A Girl Found Her Name
It has oft been said that names have meaning and power behind them. Often we look at the meaning behind names to catch a glimpse of what we could be. Sometimes these meanings suit us, other times not so much. Many witches (myself included) have chosen new names that have special meaning to us. Kelsarhu (kel-sar-oo) came from the rainbow serpent of rain and fertility. This was not an everyday name to use.
It was quite by happy mistake that I came upon the name Rosa. I had begun playing World of Warcraft with friends from school and wanted to try a new class of character. I chose my first druid and using the random name generator was presented with the name Rosamoong. Now this was far too much of a mouthful to say when on voice chat so Elzpeth leading the way simply shortened it to Rosa. That name rang in my head like nothing I had ever expected. It fit me to the core. As a player, a shape-shifting druid or simply everyday use! At the time I had not intended to choose a female name, it seemed to have chosen me.
I remember it quite vividly that late-October afternoon. By the time that transition had entered my mind, I had already chosen my first name. Now I needed a last name. I called up Mom (S) and told her I was thinking about dressing up as a lady for Halloween. I next jokingly asked what she would think If I wore a dress all of the time. Her voice tone changed, sending chills down my spine. She told me that day that she loved me, but would never accept or condone me doing such a thing. My name choice was clear as I finished my self-portate. I signed my new name. Rose Cummins.

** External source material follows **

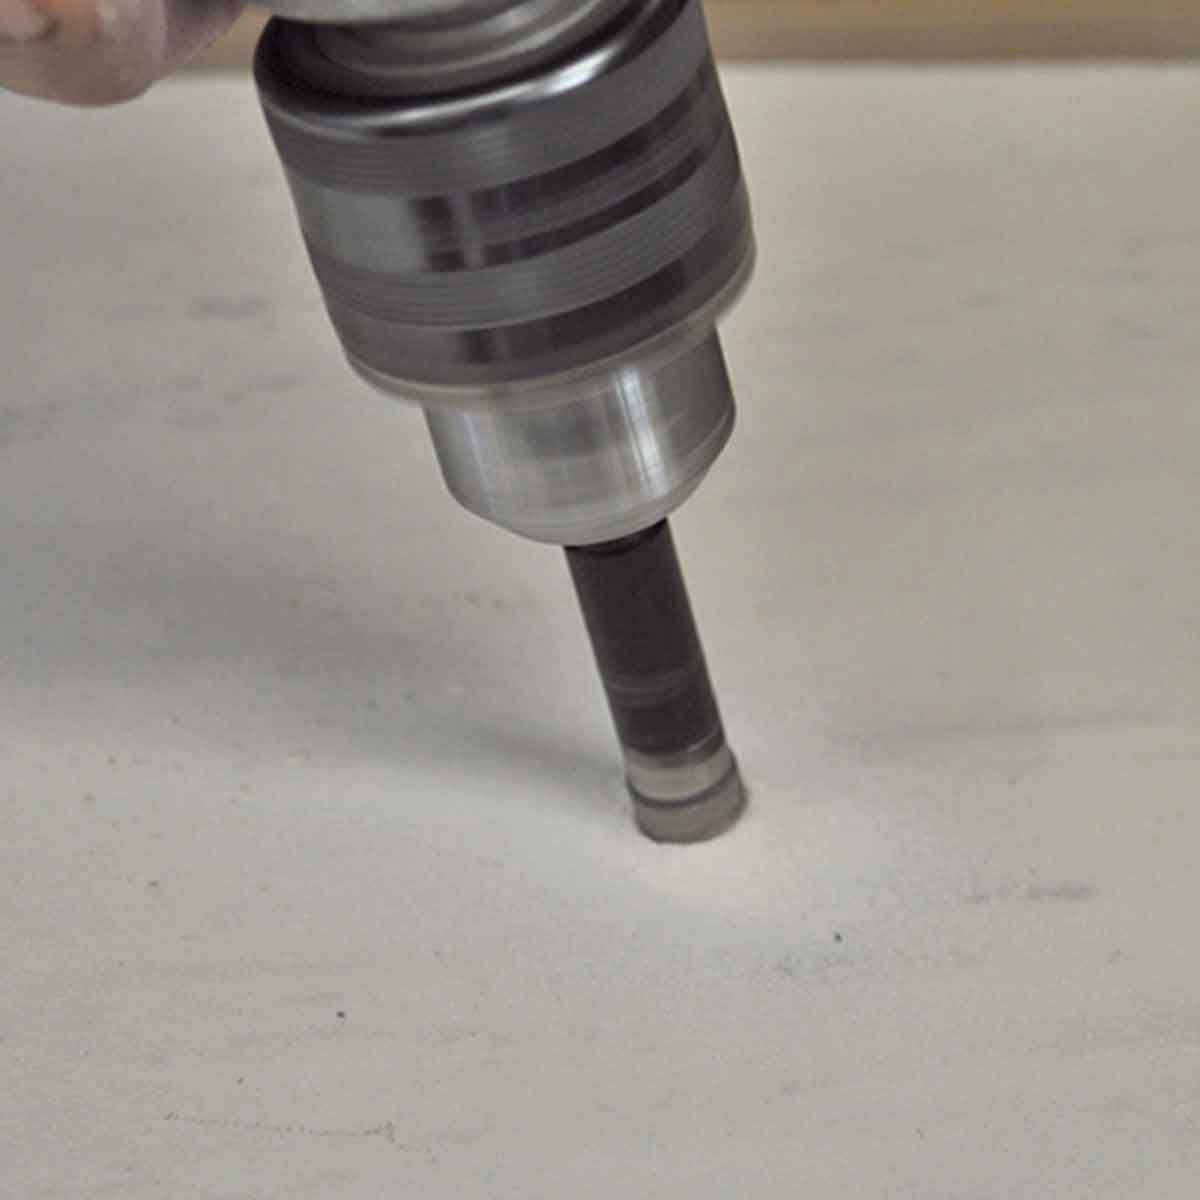 Montolit FAJ05 Mondrillo 5 mm Diamond Drill Bit
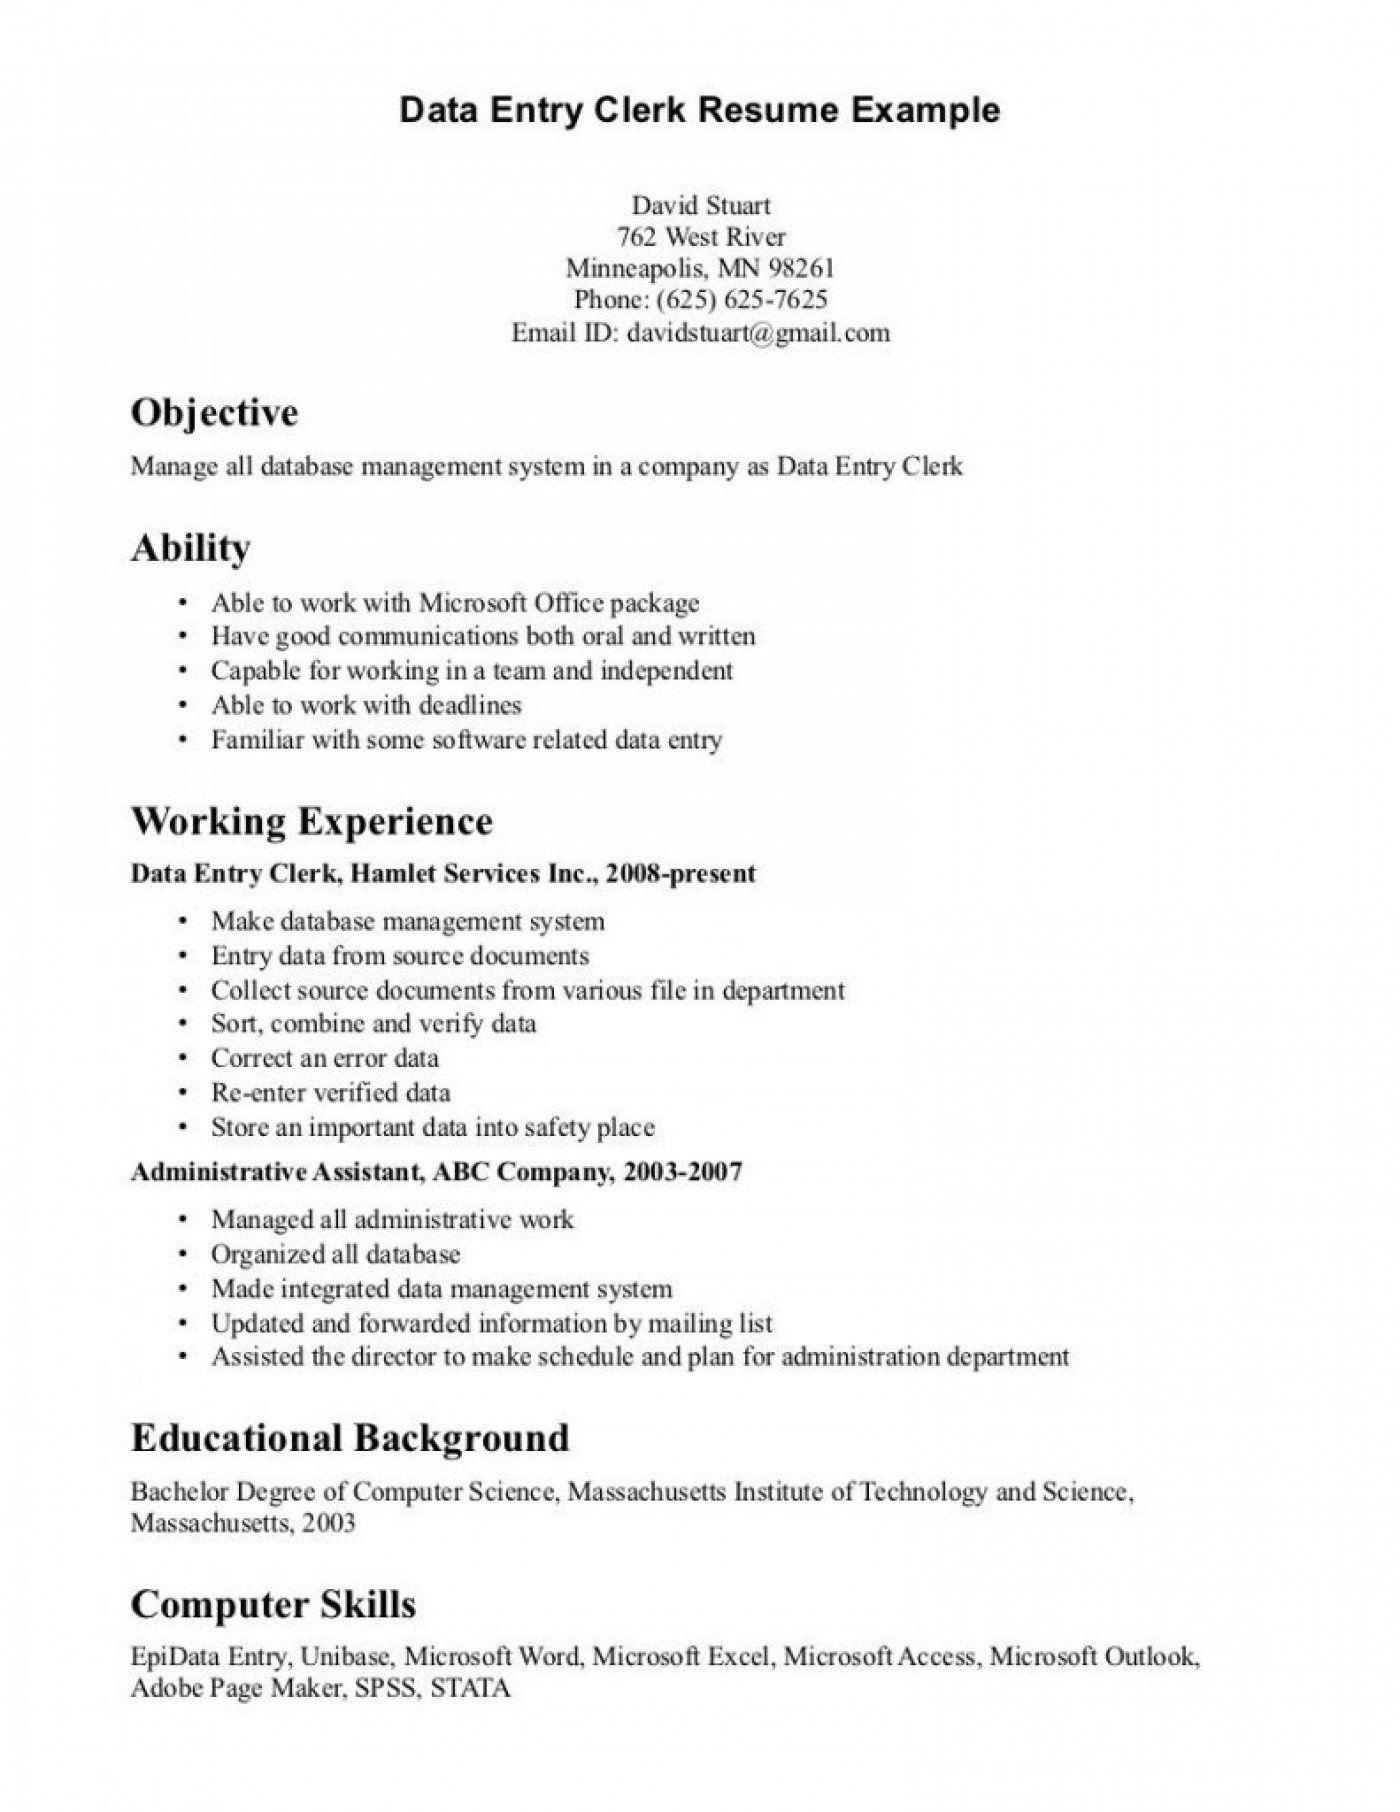 Data Entry Clerk Resume Data Entry Clerk Resume Sample Professional Data Entry Clerk Data Entry Clerk Sample Resume Templates Resume Objective

I had already talked openly with Momma (E) about dressing up. She did not understand why I would want to do such a thing, but that was ok. She told me that she would support me first but first asked me if I had fully thought about the journey I was going to embark on. We had talked at length about some of the Queens there in Arkansas and the harassment often faced. We talked about how this would affect both current and future employment. All of her questions were focused on if I truly understood what consequences this would have and if I was ready to face them. It was during these conversations about blending in that I reworked my name to Rose as it seemed to fit better.
It was this vast difference in presentation that had mostly sealed my choice. Mom and Dad had given up so much to raise my Brother, Sisters, and myself. Yet it still made me feel awful that one set of parents told me that this was wrong because God said so and she Just couldn't believe that God would make a mistake. It made me feel better that the other told me it would make my life harder and wanted help to prevent trouble before it started. The selflessness of accepting a child no matter the choices and wanting to simply help them have the best life possible was the person I wanted to be known as.
Tonight, I called up Mom and Dad. Don't ask, Don't tell would not work anymore with upcoming events. I told them both about my decision to move forward with transition. And it hurt. It hurt so much to see their pain. Both afraid of losing another child. I was also saddened. How they both responded was exactly what I had expected, but hoped not to find. Mom again repeated those soul-shattering words I had heard 7 years ago (to the day)
"I love you but..."
"I will not accept or condone what you are doing".
While they have done so much to give me life, it still hurts. I know they are going through just as much pain if not more feeling like someone is taking their son away. I wish there was some magic button that would erase this pain from both sides. Allowing me to say "I am still your child, your daughter" and they to say "We love you as our daughter". Perhaps one day.